Dataset entries
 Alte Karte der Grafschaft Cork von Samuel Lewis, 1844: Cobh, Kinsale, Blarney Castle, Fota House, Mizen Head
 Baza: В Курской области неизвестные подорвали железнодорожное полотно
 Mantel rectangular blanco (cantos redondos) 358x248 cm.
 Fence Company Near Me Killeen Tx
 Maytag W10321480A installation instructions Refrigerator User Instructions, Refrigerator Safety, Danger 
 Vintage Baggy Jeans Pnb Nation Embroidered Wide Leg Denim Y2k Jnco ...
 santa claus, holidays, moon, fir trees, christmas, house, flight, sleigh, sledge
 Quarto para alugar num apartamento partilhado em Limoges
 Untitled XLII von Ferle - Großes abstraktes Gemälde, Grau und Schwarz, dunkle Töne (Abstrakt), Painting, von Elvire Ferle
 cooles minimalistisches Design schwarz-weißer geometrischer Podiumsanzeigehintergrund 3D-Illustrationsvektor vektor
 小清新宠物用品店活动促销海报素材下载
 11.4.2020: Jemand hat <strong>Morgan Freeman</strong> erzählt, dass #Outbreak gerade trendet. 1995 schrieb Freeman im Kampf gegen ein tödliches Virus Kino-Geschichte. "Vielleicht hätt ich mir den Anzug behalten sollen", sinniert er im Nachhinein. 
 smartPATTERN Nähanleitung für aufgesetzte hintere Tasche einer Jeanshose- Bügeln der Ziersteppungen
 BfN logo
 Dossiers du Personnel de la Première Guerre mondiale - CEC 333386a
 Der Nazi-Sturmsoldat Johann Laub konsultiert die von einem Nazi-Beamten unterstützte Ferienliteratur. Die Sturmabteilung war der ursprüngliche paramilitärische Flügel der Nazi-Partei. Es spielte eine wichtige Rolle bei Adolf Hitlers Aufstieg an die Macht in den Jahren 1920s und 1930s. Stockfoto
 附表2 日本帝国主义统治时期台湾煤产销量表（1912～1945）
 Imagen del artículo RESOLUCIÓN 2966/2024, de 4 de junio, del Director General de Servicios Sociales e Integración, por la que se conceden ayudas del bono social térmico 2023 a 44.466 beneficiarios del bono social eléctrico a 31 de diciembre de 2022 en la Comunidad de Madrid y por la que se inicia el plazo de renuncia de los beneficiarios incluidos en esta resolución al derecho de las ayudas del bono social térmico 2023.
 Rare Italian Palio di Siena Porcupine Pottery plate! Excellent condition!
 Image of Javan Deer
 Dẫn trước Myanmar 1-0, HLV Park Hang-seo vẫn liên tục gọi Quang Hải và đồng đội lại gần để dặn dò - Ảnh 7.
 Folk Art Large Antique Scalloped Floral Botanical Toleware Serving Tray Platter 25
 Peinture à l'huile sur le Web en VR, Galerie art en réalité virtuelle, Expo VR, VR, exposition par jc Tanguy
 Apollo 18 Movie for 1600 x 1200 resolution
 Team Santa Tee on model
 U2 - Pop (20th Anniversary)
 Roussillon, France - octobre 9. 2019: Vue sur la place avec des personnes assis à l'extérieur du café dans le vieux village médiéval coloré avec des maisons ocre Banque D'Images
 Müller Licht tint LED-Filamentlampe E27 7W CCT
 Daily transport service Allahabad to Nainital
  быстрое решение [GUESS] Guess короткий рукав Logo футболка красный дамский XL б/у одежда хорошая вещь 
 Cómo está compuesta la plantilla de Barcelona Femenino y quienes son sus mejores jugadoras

→ **What you need to do**: Print only the lines from the top of the data above down to the line holding "Mantel rectangular blanco", inclusive.

→ **Reply to the exercise**:
 Alte Karte der Grafschaft Cork von Samuel Lewis, 1844: Cobh, Kinsale, Blarney Castle, Fota House, Mizen Head
 Baza: В Курской области неизвестные подорвали железнодорожное полотно
 Mantel rectangular blanco (cantos redondos) 358x248 cm.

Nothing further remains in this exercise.